Intellectual Property Management and Protection (IPMP): MPEG has recognized that, along with facilitating the creation of high-value content, it is important to keep in mind that the delivery and usage of such content requires a good DRM framework in place that ensures the appropriateness of that usage. Given that, MPEG began with defining hooks (MPEG-2, MPEG-4) to incorporate proprietary DRM systems into the MPEG framework. From there, MPEG is moving towards a more encompassing standardization of the IPMP framework with the goal of interoperability. From the consumer's point of view, this requires ensuring that content from multiple sources will play on players from different manufacturers. From a manufacturer's point of view, it is important that the modules from different suppliers can be integrated in a product through clear interface agreements. These have been the focus of the IPMP work activities in MPEG.

Industry Adoption
Over the last couple of years, the multimedia industry has become a whole lot more knowledgeable about the MPEG-4 and its potential to influence the next generation of interactive digital television. With the convergence of the PC and the TV, the impetus to create and deliver content that is able to transcend the dichotomy of these two extremes is rather large.

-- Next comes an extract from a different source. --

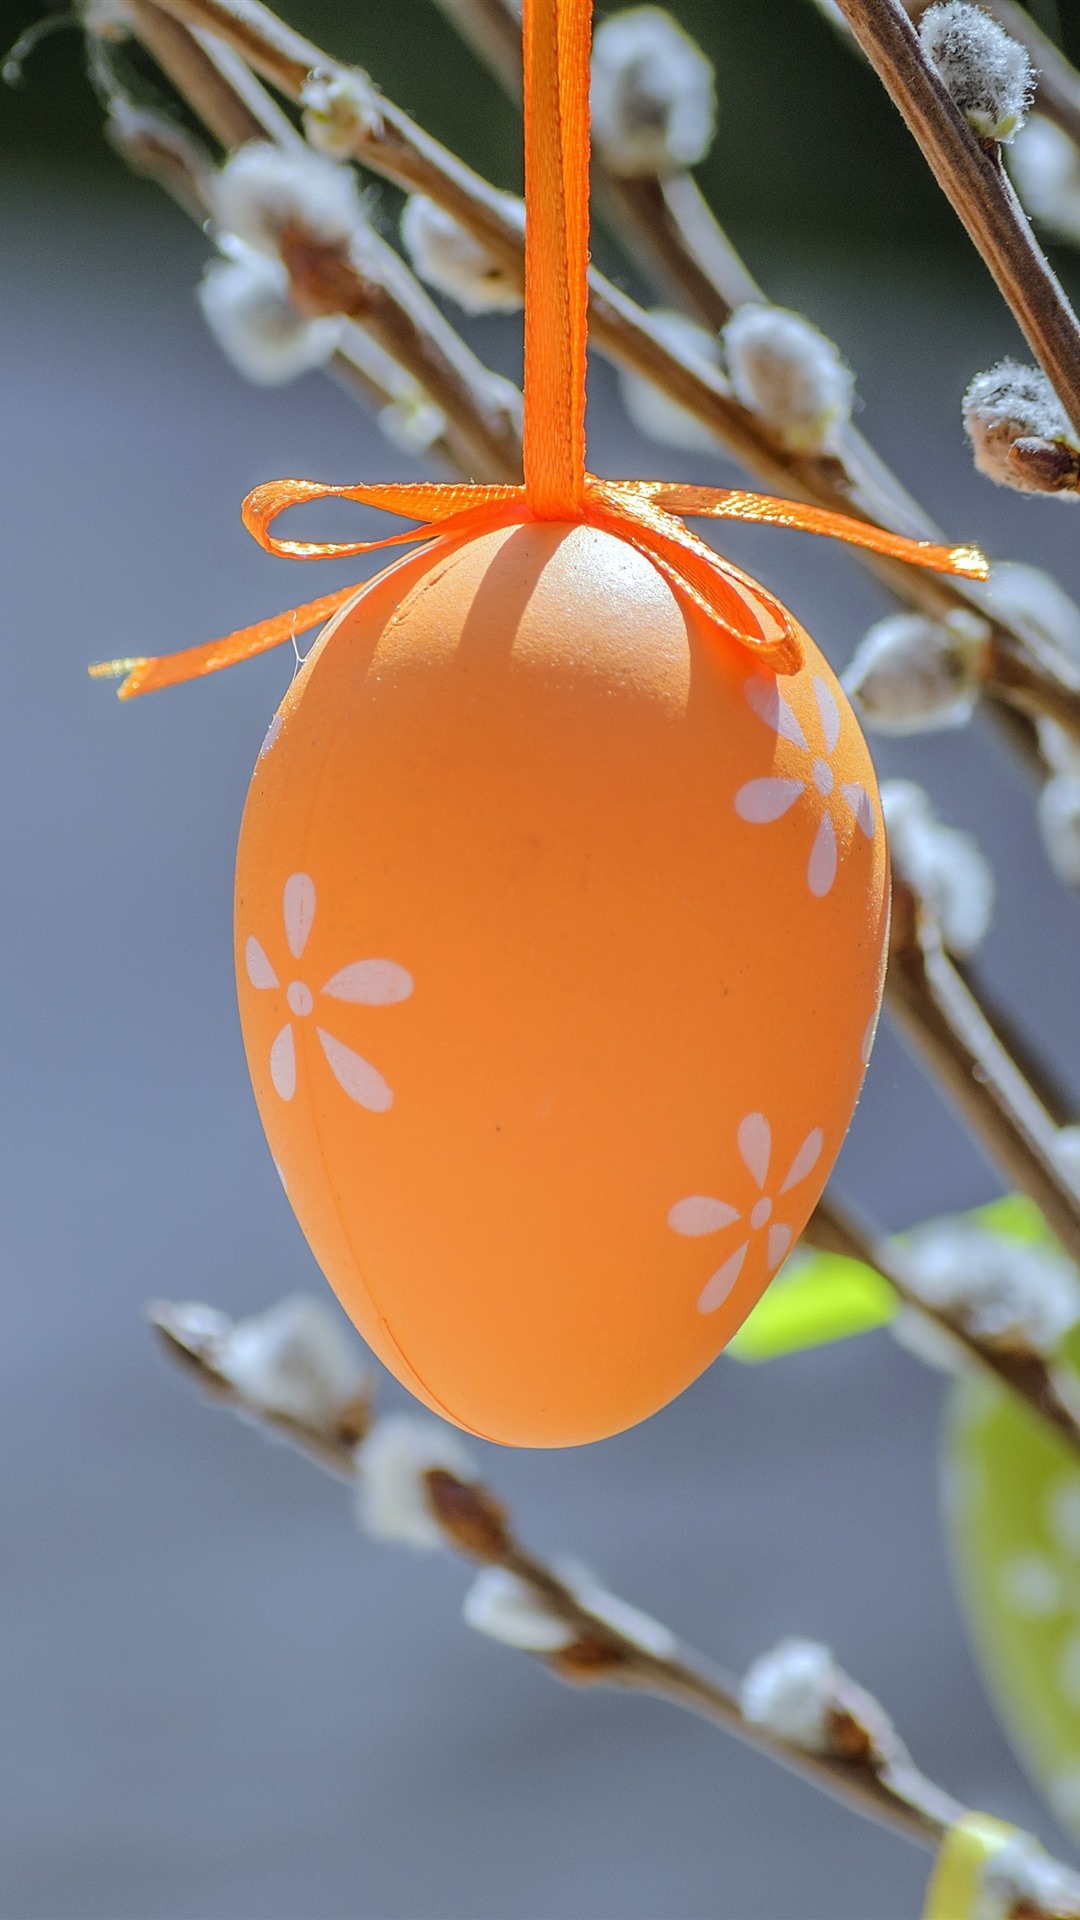 Orange Easter Egg, Twigs 1242x2688 IPhone 11 Pro XS Max Wallpaper, Background, Picture, Image
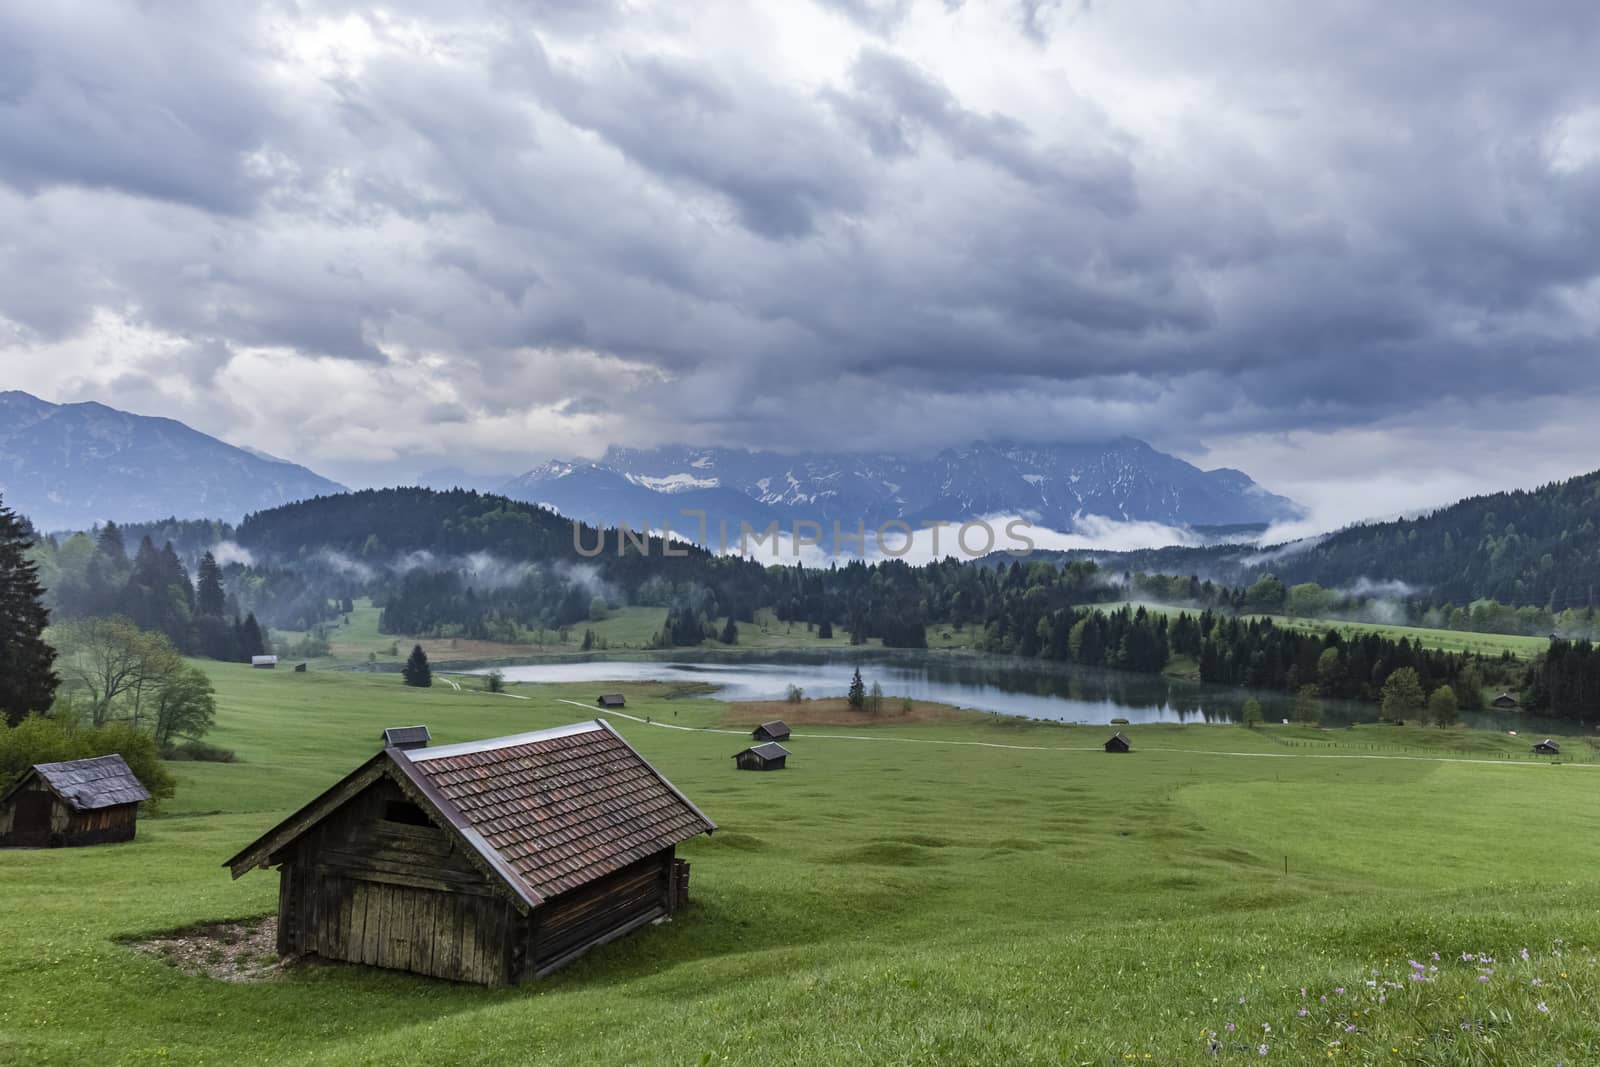 View on Geroldsee in Bavaria from a hill with heavy clouds in the sky

Companies have built their product suites based on the MPEG-4 technologies, including the MPEG-4 Systems. Apple's Quicktime 6 release supports the decoding of MPEG-4 video and audio content. It is hoped that the support for MPEG-4 Systems will soon follow. Fraunhoffer (FhG) (www.iis.fhg.de) has always been at the forefront of digital audio. They, along with Dolby Corp. (www.dolby.com), have been strong proponents of MPEG-4 AAC audio.

MPEG-4 video has found a foothold in the wireless industry. The 3GPP consortium (www.3gpp2.org) has agreed on one of the profiles of MPEG-4 video (ISO/IEC 14496-2) as the standard for video content. PacketVideo Corp. and Emblaze Inc, among others, have been at the forefront of developing technologies for the delivery of MPEG-4 video over wireless cellular networks. In Japan, digital cellular trials have involved the delivery of MPEG-4 video over cellular networks. With several companies announcing plans to release ASICs for hardware video and audio encoding, the development of set top boxes that support MPEG-4 in their framework is now picking up speed. Reference set top box designs and implementations are being made available and the general expectation is that MPEG-4 is well on its way to worldwide deployment.